Star America raises $183.2m for debut infra fund

The New York-based firm is more than halfway towards meeting its final target of $300m.

Star America Infrastructure Partners has raised $183.2 million so far for its maiden vehicle, according to a document filed with the Securities and Exchange Commission (SEC) on Monday.

Star America initially considered aiming for a $400 million fund but ended up launching the vehicle in January 2013 with a $300 million target, sources told Infrastructure Investor.

Like the firm’s overall strategy, the vehicle will target greenfield PPP projects in the US and Canada primarily in the transportation, social infrastructure and water sectors, Star America’s chief operating officer Mark Melson told Infrastructure Investor.

Last August, Michigan’s Department of Transportation (MDOT) selected a consortium led by Star America to design, build, finance operate and maintain, over a 15-year term, the freeway lighting system in the Detroit Metro Region. One of the stipulations included in the PPP agreement requires the consortium – which along with Star America includes Aldridge Electric, Parsons Brinkerhoff and Cofely Services – to keep 90 percent of the lights operational after the first year and 98 percent after the second year.

The firm has also reached financial close on three other P3 investments.
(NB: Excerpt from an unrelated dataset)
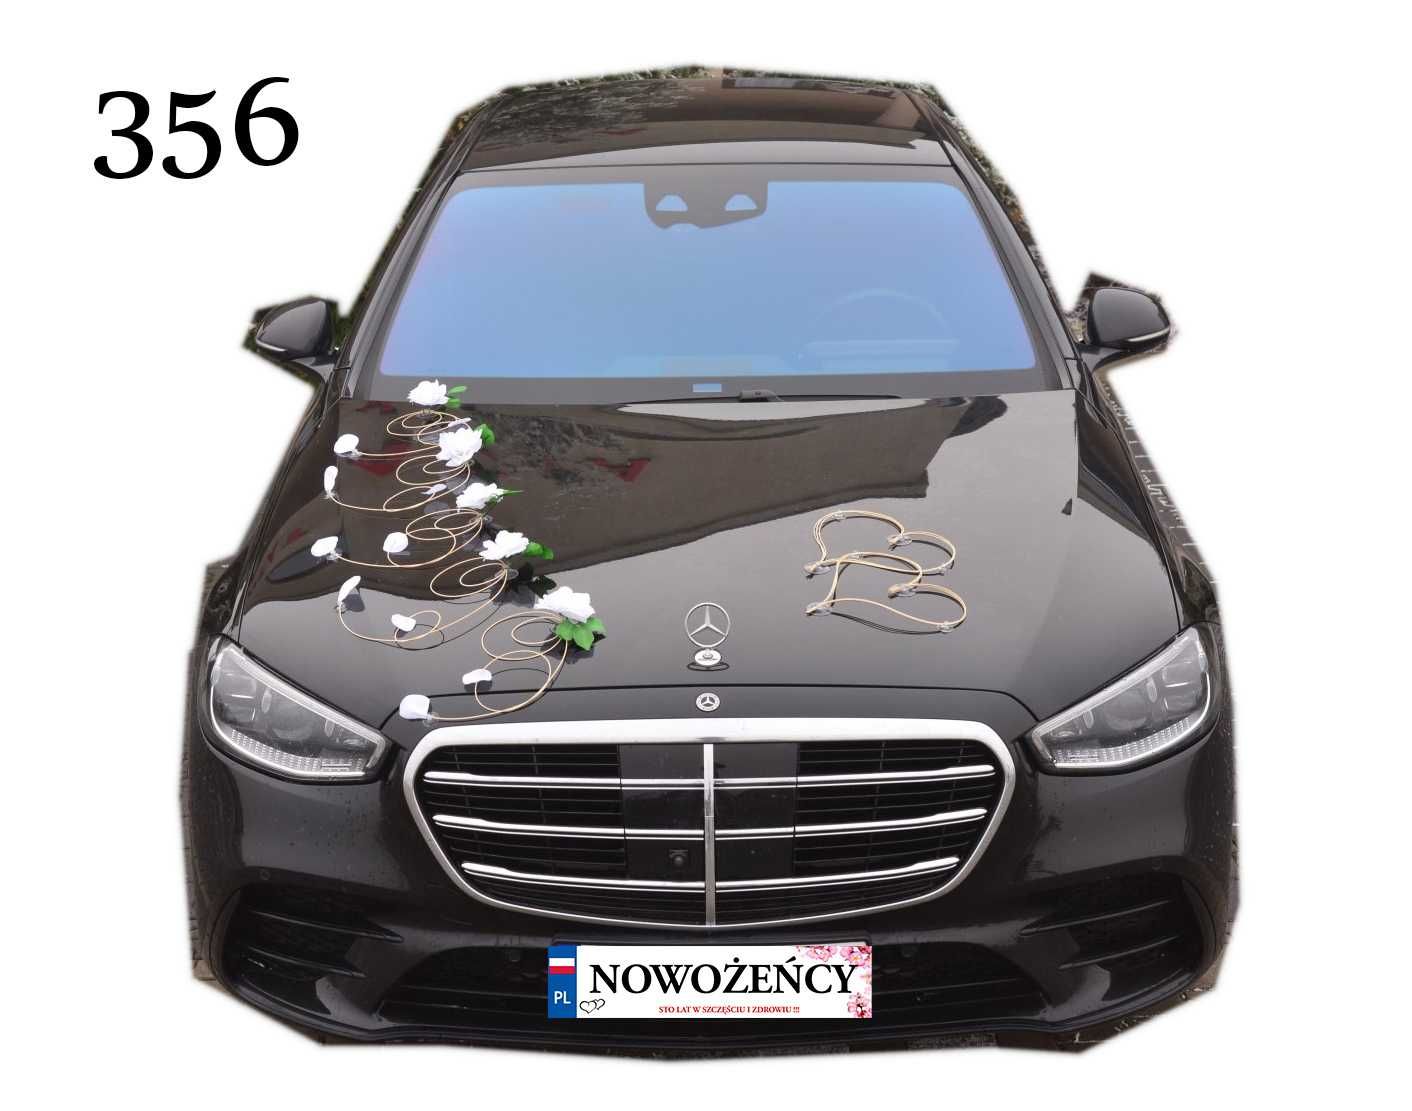 Dekoracja na czarny samochód-BIAŁE RÓŻE- ślub wesele Nr 356

These comprise an on-campus, mixed-use housing and retail development for the University of Texas at Dallas; the $500 million Portsmouth Bypass in Ohio, the largest infrastructure P3 in the state; and the South Fraser Perimeter Road in British Columbia, Canada.

Star America is also one of 40 respondents expressing an interest in a lighting project being procured by the Chicago Infrastructure Trust and is in the running for Maryland’s Purple Line, a 16.2-mile light rail P3 project estimated to cost $2.2 billion.

Based in Roslyn Heights, New York, Star America was founded by William Marino in 2011. Marino, who also serves as the firm’s chief executive officer, began his career in the surety industry. In 1979, he founded Allied North America, a “construction-only” brokerage, laying the foundation for what developed into the largest private construction surety and insurance brokerage in the US, according to Star America’s website.